Hari pertama control di Rumah sakit, kami tiba sekitar pukul 07:00, dan bergegas ke bagian pendaftaran. Disana kami dikenakan biaya Rp. 12.500 untuk mendapatkan kartu berobat. Selebihnya? Jangan khawatir, dengan BPJS kami sama sekali tidak dikenakan biaya \('o')/ .
Sampailah kami di antrean counter BPJS. Sekedar info tambahan, untuk berobat jalan kita harus melampirkan Fotokopi BPJS, Fotokopi KTP, Fotokopi surat rujukan dari Faskes I, Fotokopi KK (jika diperlukan). Kalau rawat inap yang harus kita lampirkan adalah Fotokopi BPJS, Fotokopi KTP, Fotokopi surat rujukan dari Faskes I, Fotokopi KK, surat rujukan untuk rawat inap dari dokter poli masing-masing 3 lembar.
Sekitar pukul 09:00 kami mendapatkan antrean poli THT dengan membawa berkas dari BPJS. Antre lama di conter BPJS? ya memang, karena banyak sekali yang berobat menggunakan BPJS. ya gak apalah kita antre, toh mendapatkan fasilitas konsultasi dokter dan obat 'gratis' kok.
Akhirnya kami bertemu dengan dr. Jamal. Setelah suami saya menjelaskan keluhannya, dr. Jamal menyarankan untuk melakukan rontgen. "Jangan khawatir, ditanggung BPJS kok" kata dr. Jamal :D Alhamdulillah tenang :))) lumayan, tercover Rp. 165.000 (tanggungan pertama). Setelah lihat hasil rontgen, dr. Jamal menjelaskan kepada kami cara membacanya. Dan saat itupun suami disarankan untuk segera melakukan operasi kecil. Dan untuk persiapannya kami diminta cek darah dan mencari ruang rawat inap. sebelumnya untuk cek darah, dokter bilang untuk hasil cepat, sebaiknya jangan menggunakan BPJS, bayar saja, takutnya hasilnya baru keluar seminggu kemudian. Setelah suami mendaftarkan namanya di lab, ia malah mendapatkan kwitansi yang harus dicap BPJS dan hanya diminta menunggu 45 menit untuk hasil test darahnya. Alhamdulillah kemudahan kedua di hari pertama.
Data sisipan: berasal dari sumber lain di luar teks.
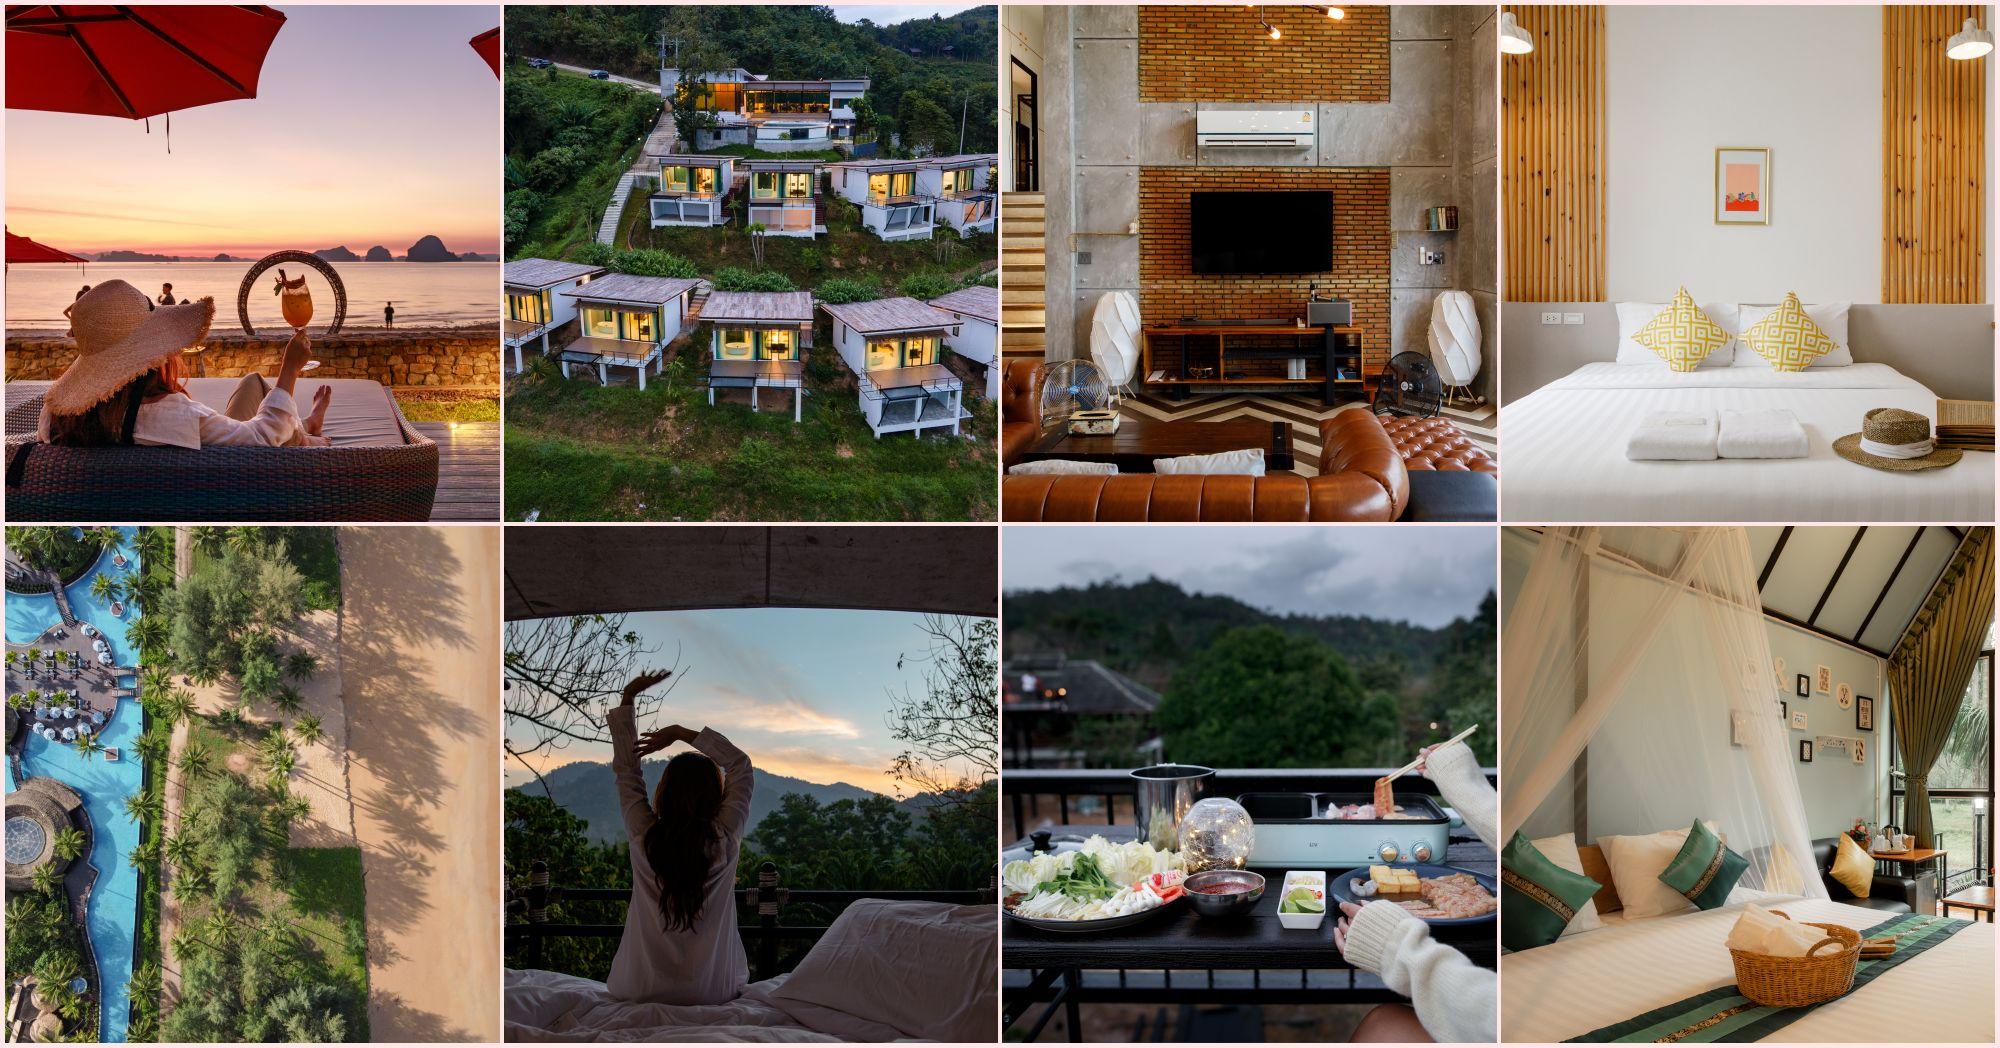 ที่พักพะเยา ใหม่ๆสวยๆ 2021 ธรรมชาติ ทะเล ภูเขา

persiapan kedua adalah mencari ruang perawatan pasca operasi. Untuk yang ini, kami menunggu konfirmasi dari Rs lumayan lama. Dari pihak Rs tidak bisa menjanjikan kapan tersedianya kamar rawat inap. Kebetulan layanan BPJS yang Kami daftarkan adalah kelas 1, dan untuk mendapatkan ruang rawat inap yang sesuai dengan BPJS Kami, bisa waiting list sampai 1bulan. Akhirnya kami memutuskan untuk menerima fleksibel kelas dan tak harus menunggu lama.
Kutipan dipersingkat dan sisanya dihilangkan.